Applicable Law and Discussion

            The Texas Rules of Civil Procedure were developed to protect the rights of all litigants. Seib v. Bekker, 964 S.W.2d 25, 27 (Tex. App.–Tyler 1997, no writ). One of the two basic judicial decisions a trial judge must make before rendering and entering a default judgment is that the court has jurisdiction of the subject matter and the parties to the suit. See Finlay v. Jones, 435 S.W.2d 136, 138 (Tex. 1969). Thus, the trial court has a duty to ascertain that the defendant has been duly served with citation and that he does not have an answer on file. Id. at 139; see also Tex. R. Civ. P. 107.

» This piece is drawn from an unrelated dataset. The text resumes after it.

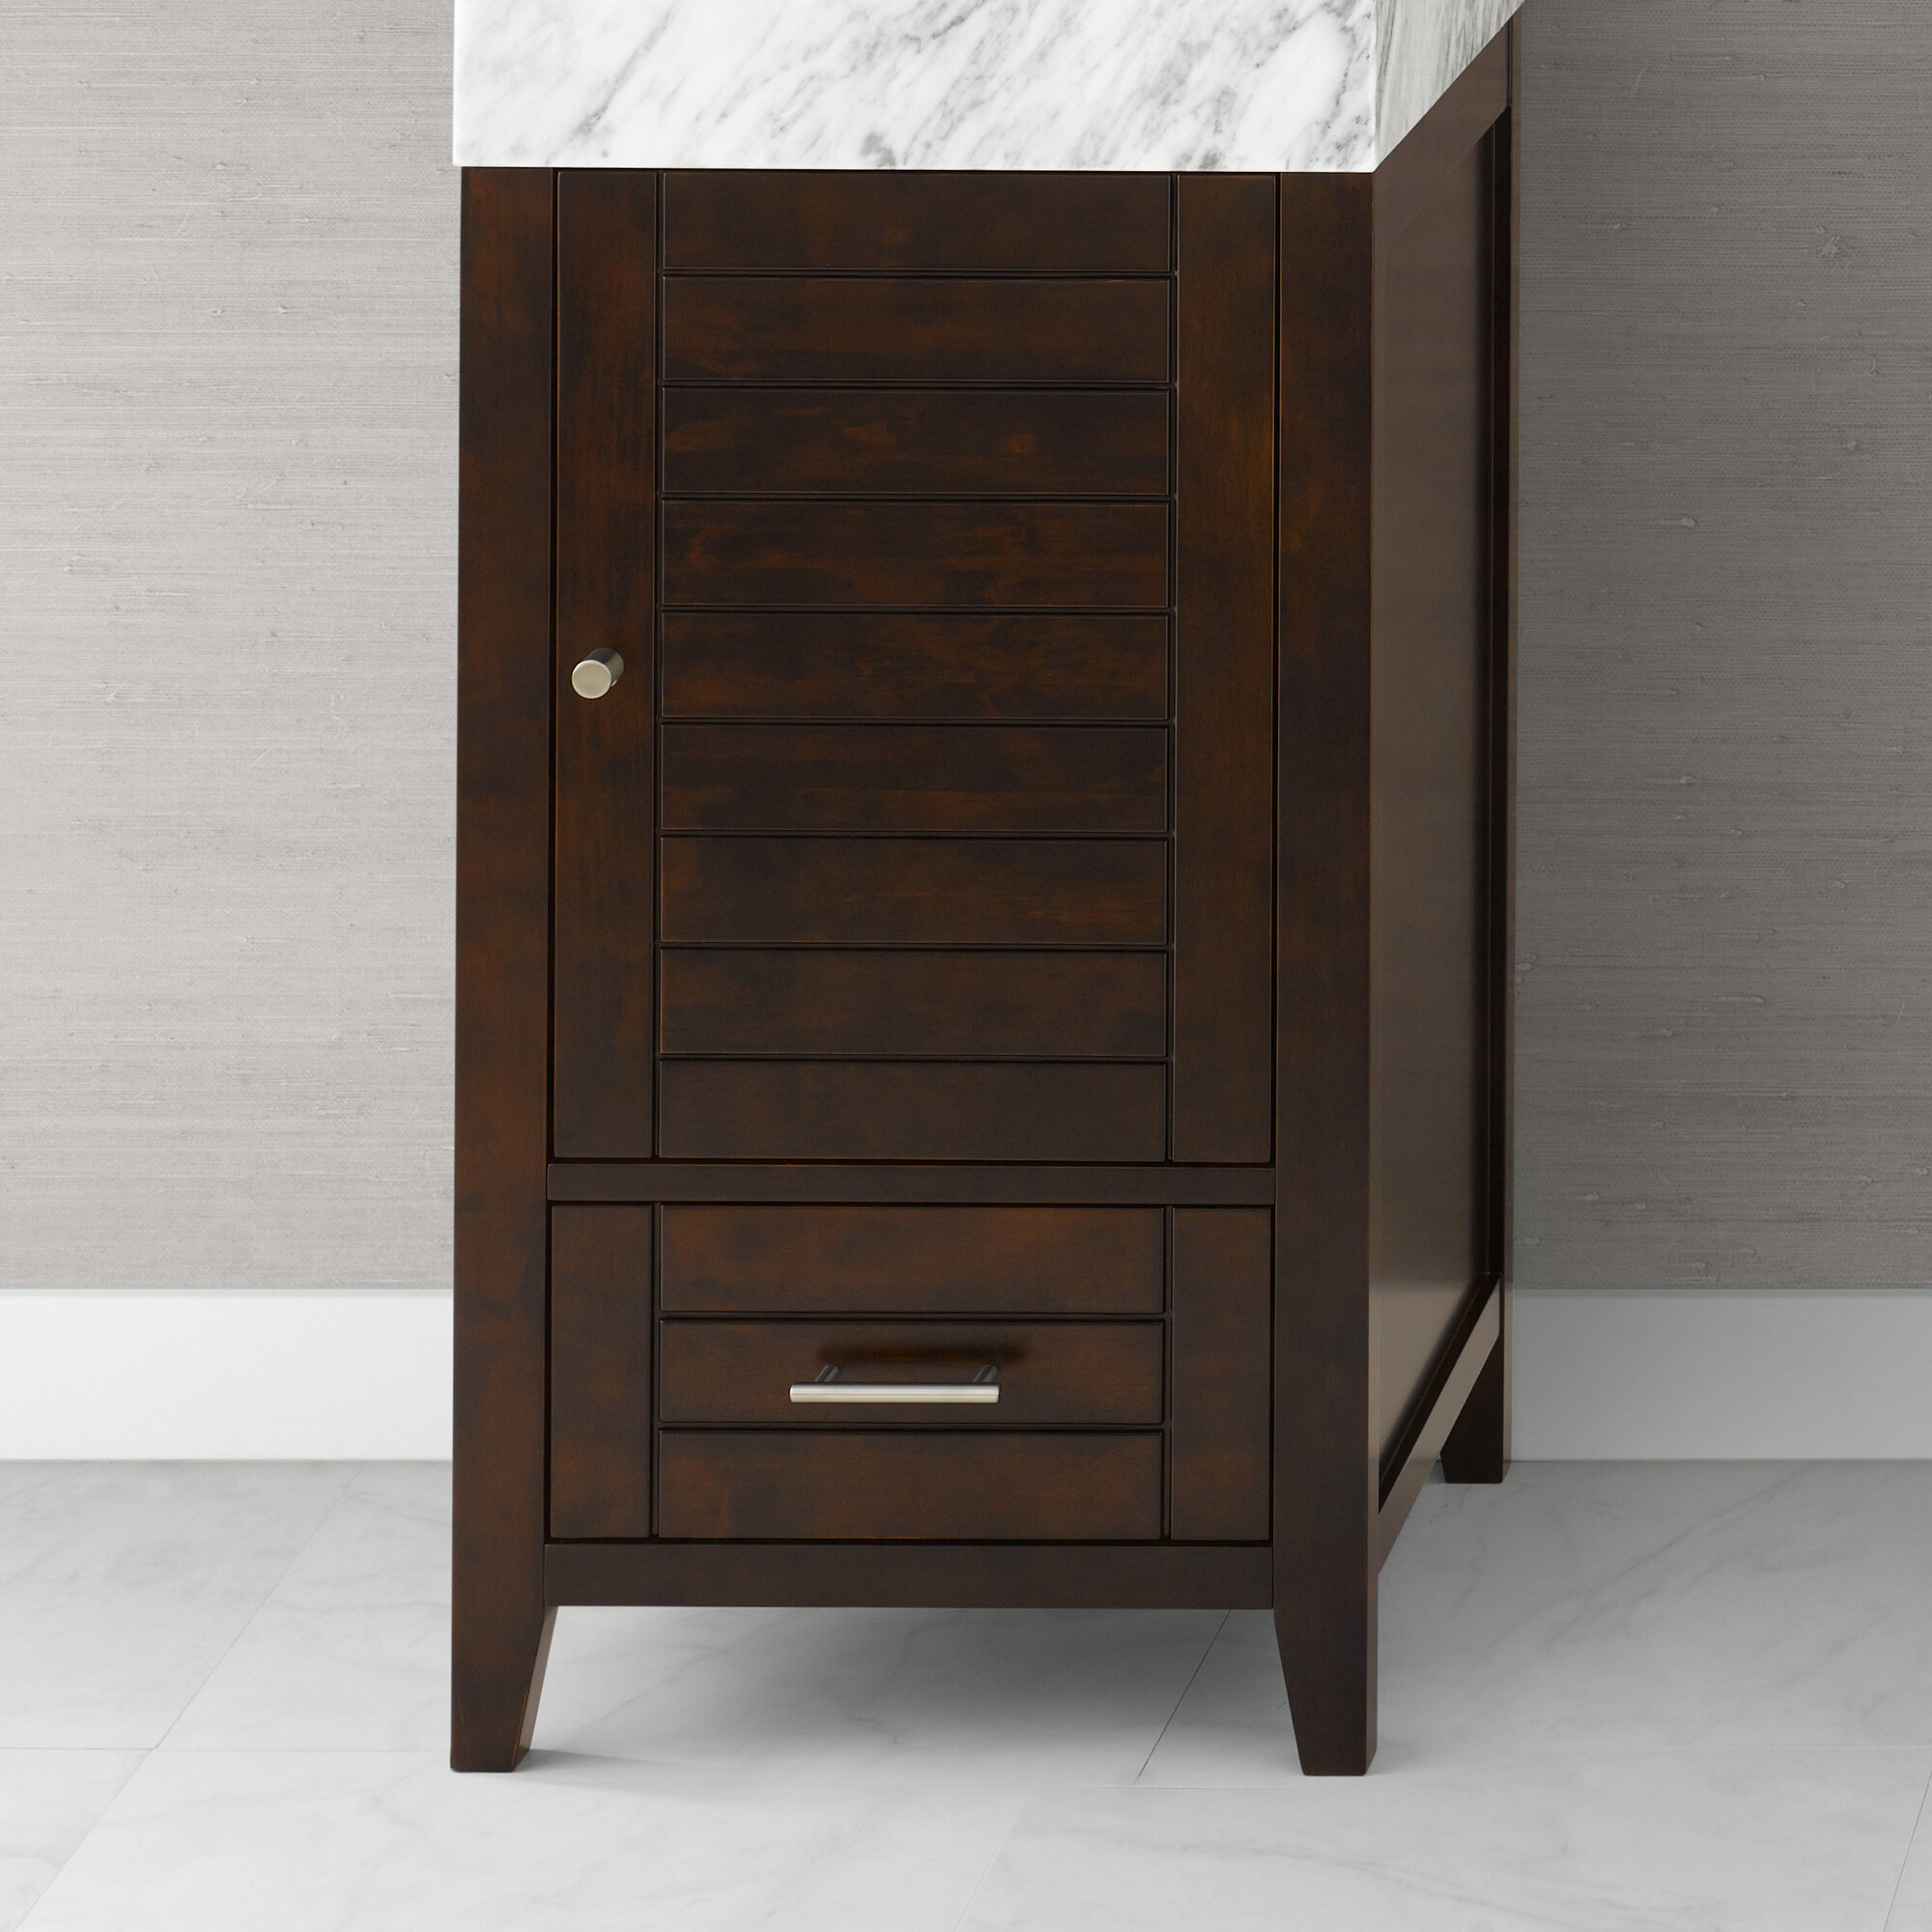 ronbow elise 18 bathroom vanity base cabinet in vintage walnut ebay

            Service of process under Rule 107 is not a trivial matter. See Primate Constr., Inc. v. Silver, 884 S.W.2d 151, 152 (Tex. 1994). As such, the supreme court requires that strict compliance with the rules for service of citation affirmatively appear in the record in order for a default judgment to withstand direct attack. See id. In direct attacks, there are no presumptions in favor of valid issuance, service, or return of the citation. See id. A return receipt for a citation served by certified mail must contain the addressee’s signature. See Tex. R. Civ. P. 107. If the return receipt is not signed by the addressee, the service of process is defective and a default judgment will not stand. Keeton v. Carrasco, 53 S.W.3d 13, 19 (Tex. App.–San Antonio 2001, pet. denied). A trial court does not have in personam jurisdiction to enter the default judgment if the record fails to show that the defendant has been properly served at the time the default judgment is entered. Am. Universal Ins. Co. v. D.B.&B., Inc., 725 S.W.2d 764, 766 (Tex. App.–Corpus Christi 1987, writ ref’d n.r.e.).

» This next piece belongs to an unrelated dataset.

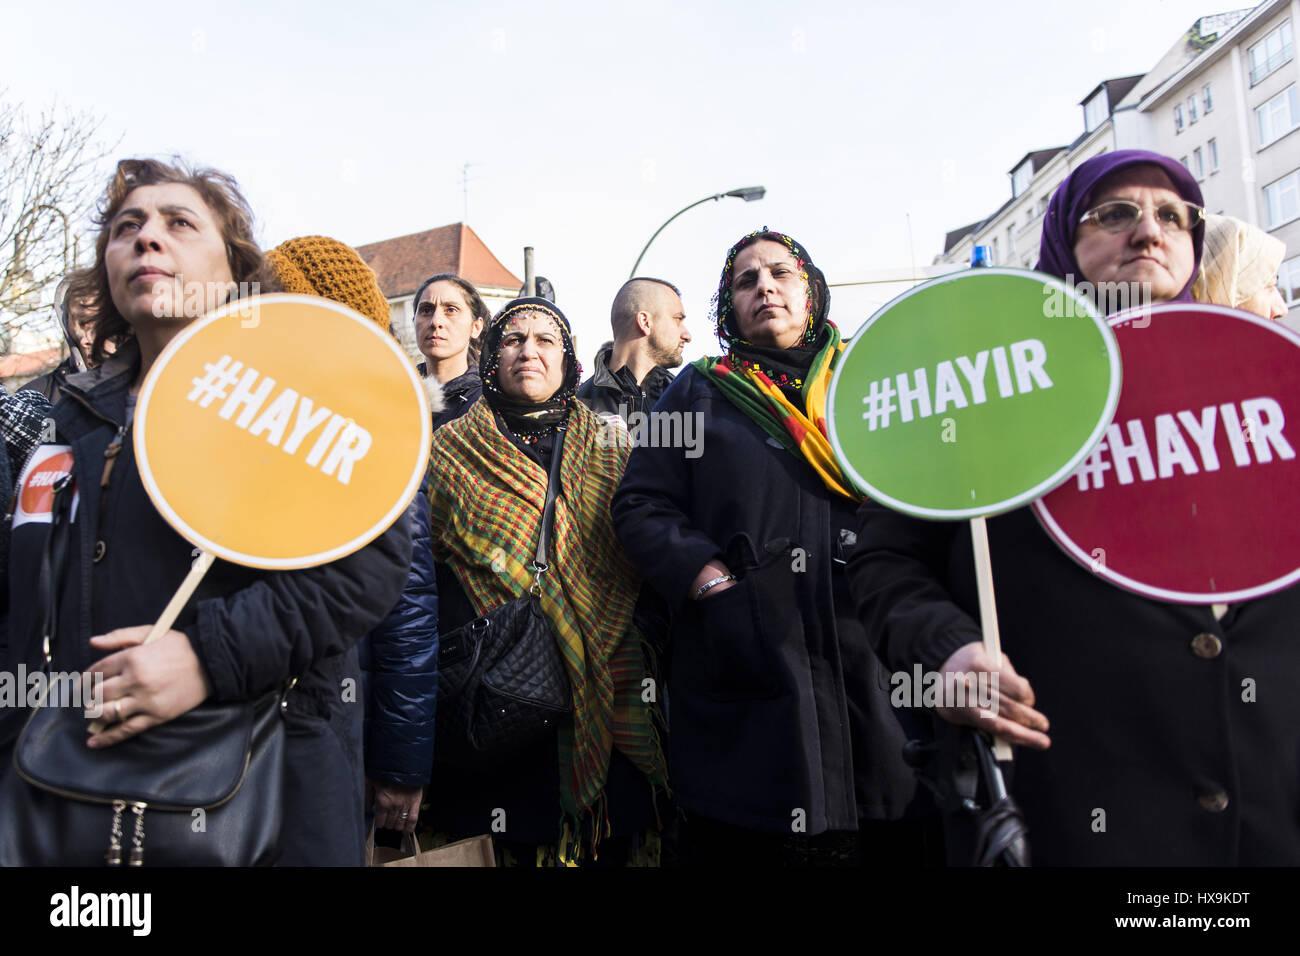 Berlino, Germania. 25 Mar, 2017. Gli avversari di Recep Tayyip Erdogan, Presidente della Turchia, tenendo cartelli con la scritta '#Hayir'. Diverse centinaia di persone nel rally Berlin Neukoelln e Kreuzberg, i manifestanti damand un no nel referendum costituzionale in Turchia, dove i turchi che vivono in Germania sono ammessi alla votazione. Credito: Jan Scheunert/ZUMA filo/Alamy Live News Foto Stock

            In the instant case, the return receipt shows that “T. Taylor” received the delivery of service although the service was directed to Matt Needham. This discrepancy establishes that the defendant was not properly served in this case. Because the addressee did not sign the return receipt, Higginbotham failed to affirmatively show strict compliance with the Texas Rules of Civil Procedure. See Uvalde Country Club v. Martin Linen Supply Co., Inc., 690 S.W.2d 884, 885 (Tex. 1985). Without proper service, the trial court did not have in personam jurisdiction and the default judgment against defendant is void. Consequently, we sustain Needham’s sole issue.

            The record shows that Needham filed the notice of restricted appeal within six months after the trial judge signed the default judgment and did not timely file a post-judgment motion. Additionally, Needham is a party to the lawsuit who did not participate in the hearing that resulted in the default judgment. Finally, on the face of the record, it is apparent that the service of process was erroneous because it was not signed by the person appointed. Thus, we conclude that Needham meets the four elements necessary to obtain a reversal of the default judgment. See Tex. R. App. P. 26.1(c), 30; Barker, 989 S.W.2d at 791.

Conclusion

            Because Higginbotham failed to affirmatively show strict compliance with the service of process rules of the Texas Rules of Civil Procedure, his attempted service of process to Needham is invalid and of no effect. Absent a record showing strict compliance with the requirements for service of process, the default judgment will not stand. Because service was rendered invalid when someone other than the addressee signed the return receipt, we need not address Needham’s other arguments for invalid service. See Tex. R. App. P. 47.1. Accordingly, the trial court’s judgment is reversed and this cause is remanded to the trial court for further proceedings consistent with this opinion.

JAMES T. WORTHEN

                                                                                                                 Chief Justice

Opinion delivered October 29, 2004.

Panel consisted of Worthen, C.J., Griffith, J. and DeVasto, J.